DAWN - Editorial; August 17, 2008

Published August 17, 2008

The guessing game

THE monumental political tussle over the exit of President Musharraf has gripped the nation and sparked frenzied, ever-changing speculation on the president’s fate. Some observations are in order. First, the president has clearly lost the moral right to stay in office. The four constituent provinces of the federation of Pakistan have spoken unanimously: they want President Musharraf to go. The votes required to impeach the president in a joint session of parliament appear to be firmly in the grasp of the ruling coalition. Talk of fomenting breakaway factions within the PPP, destabilising Sindh politically, and wooing independents in parliament to keep the president in office has proved far-fetched thus far. Second, the country continues to face severe governance crises. Inflation is at a record high, the rupee at a record low, the tribal areas and northern Pakistan are awash with militancy, suicide bombers have returned to strike terror in cities, relations with India are at their lowest point in years and the powers that be in Afghanistan have all but tried to hang the ISI. These challenges would test the strongest of governments at the best of times. Pakistan, of course, has no such luxury.

The guessing game is centred on what is being exchanged between the coalition leaders, the president and the parade of foreign interlocutors who have been wending their way through Islamabad. Speculation has mounted that the terms on which the president can make a graceful exit and be kept out of the hands of the politicians are being fought over. If indemnity for President Musharraf is the price that is being demanded for a quick end to the paralysing political crisis then the politicians should think hard about paying that price. Whatever the charges that the coalition can draw up against the president, from a historical perspective they can at least be matched by the sins of past leaders of this country. Politics of retribution at this critical time in Pakistan’s history would be a great disservice to the nation.

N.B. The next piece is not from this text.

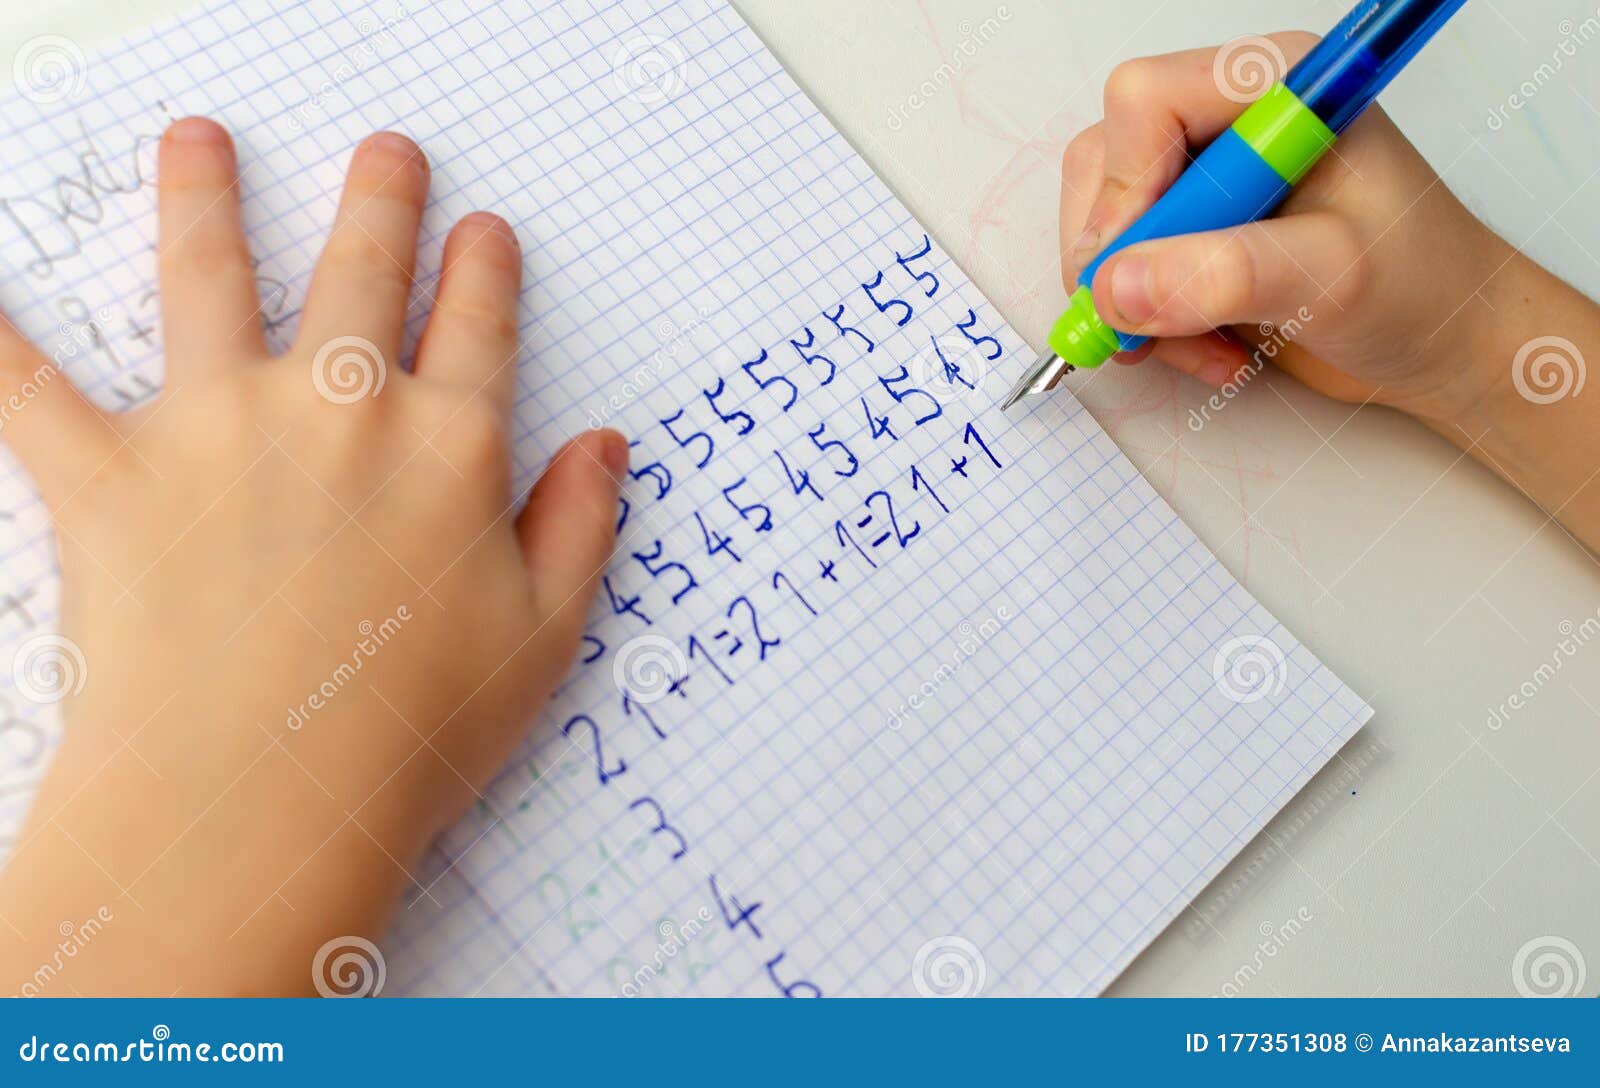 Do math homework in pen

There is also a key unpredictable variable in this crisis: the Pakistan army. So far the army has remained neutral and not interfered in the political muckraking. This must be lauded. However, experience tells us that this will not last indefinitely. Institutional demands will push the army towards rescuing a beleaguered ex-chief if certain redlines are crossed. The question is: where does the army draw those redlines? As militants step up the campaign against security forces and India and Afghanistan rattle the security state complex of the establishment the army will necessarily be pushed into a defensive crouch, which may affect the tolerance it is willing to show for political instability. So given everything that is known — and unknown — the politicians must act decisively to end this crisis quickly.

Woes of the displaced

AS Pakistan’s security forces step up their military operation in the tribal areas, unsurprisingly the civilian population caught in the crossfire has been fleeing from the war-stricken zone. Although precise numbers are not available, hundreds of thousands of men, women and children are believed to have been affected. With the war in Fata and Swat assuming a protracted character — Swat joined the fray in November last year whereas Waziristan had already become a battleground a year earlier — the displacement of local populations is becoming a way of life in the region that has periodically experienced the influx and exodus of refugees since the Soviet invasion of Afghanistan in 1979. But this does not minimise the human dimension of the phenomenon in any way. While war brings death, injury and destruction of property, the displacement that follows inflicts its own miseries on the people. Made homeless and deprived of their livelihood, the refugees have to brave physical hardship as well as the emotional trauma of having their social and family support system devastated.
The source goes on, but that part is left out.